◆ PROBLEM TO SOLVE ◆
Determine how many lines in the records below include the word "setting" and output that number alone.

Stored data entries
# # #

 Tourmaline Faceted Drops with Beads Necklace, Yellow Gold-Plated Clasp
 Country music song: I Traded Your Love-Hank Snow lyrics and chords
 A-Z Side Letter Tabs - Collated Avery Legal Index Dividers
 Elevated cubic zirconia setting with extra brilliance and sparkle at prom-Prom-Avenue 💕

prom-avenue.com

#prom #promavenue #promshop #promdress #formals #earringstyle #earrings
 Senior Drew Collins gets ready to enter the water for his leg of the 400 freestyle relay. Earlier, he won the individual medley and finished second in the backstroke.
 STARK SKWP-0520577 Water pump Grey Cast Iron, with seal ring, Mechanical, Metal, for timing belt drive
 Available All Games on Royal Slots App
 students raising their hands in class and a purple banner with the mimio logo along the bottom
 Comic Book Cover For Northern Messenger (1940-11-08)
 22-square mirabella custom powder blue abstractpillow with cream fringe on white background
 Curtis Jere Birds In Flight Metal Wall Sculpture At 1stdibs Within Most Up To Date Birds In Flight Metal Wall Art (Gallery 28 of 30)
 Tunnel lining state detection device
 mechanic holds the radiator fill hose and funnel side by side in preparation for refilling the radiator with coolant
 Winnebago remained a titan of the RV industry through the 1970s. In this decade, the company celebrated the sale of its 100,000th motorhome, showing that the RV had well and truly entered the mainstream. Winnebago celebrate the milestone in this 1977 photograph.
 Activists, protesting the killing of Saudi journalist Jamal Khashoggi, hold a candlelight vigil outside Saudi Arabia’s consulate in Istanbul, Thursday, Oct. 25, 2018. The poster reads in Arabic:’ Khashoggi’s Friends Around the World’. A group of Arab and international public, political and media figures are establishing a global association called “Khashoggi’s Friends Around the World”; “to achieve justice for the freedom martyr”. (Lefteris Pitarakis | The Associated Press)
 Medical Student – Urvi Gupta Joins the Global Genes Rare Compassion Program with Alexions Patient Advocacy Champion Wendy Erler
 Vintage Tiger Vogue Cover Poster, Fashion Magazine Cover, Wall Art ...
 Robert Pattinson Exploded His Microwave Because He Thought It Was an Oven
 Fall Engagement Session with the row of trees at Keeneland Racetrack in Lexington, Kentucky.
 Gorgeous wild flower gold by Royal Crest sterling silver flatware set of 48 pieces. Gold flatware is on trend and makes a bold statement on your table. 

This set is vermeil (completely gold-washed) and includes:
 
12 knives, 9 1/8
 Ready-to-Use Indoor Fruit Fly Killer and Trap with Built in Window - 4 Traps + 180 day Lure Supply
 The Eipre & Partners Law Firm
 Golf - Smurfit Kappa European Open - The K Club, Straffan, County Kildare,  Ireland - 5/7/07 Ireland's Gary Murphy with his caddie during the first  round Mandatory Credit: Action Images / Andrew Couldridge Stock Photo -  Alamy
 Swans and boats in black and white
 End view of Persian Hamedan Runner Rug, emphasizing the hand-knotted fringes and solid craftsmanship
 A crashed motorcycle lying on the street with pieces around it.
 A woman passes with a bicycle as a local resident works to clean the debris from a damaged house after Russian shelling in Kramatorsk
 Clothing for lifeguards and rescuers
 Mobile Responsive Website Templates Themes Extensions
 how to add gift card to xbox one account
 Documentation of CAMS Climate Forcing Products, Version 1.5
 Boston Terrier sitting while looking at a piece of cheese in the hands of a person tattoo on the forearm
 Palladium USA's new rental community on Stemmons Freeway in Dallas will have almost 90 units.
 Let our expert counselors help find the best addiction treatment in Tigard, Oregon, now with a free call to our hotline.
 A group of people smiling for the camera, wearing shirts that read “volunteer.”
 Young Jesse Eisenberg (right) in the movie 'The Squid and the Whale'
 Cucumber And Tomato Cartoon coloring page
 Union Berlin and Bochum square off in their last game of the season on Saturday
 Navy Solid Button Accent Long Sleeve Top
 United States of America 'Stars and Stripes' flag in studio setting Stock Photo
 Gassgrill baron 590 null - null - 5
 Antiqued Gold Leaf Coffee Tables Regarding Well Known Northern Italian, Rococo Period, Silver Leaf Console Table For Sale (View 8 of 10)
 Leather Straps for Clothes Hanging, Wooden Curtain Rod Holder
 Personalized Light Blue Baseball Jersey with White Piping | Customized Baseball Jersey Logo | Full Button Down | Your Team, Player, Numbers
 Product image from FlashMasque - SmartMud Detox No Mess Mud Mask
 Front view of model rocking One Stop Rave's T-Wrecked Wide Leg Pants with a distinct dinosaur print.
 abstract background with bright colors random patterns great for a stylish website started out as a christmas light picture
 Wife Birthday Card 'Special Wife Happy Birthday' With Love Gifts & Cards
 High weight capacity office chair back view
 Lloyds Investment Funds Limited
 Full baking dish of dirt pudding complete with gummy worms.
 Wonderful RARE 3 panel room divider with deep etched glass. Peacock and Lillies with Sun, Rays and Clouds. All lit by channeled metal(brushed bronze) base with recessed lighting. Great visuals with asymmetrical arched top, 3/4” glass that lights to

# # #

◆ REPLY TO THE TASK ◆
2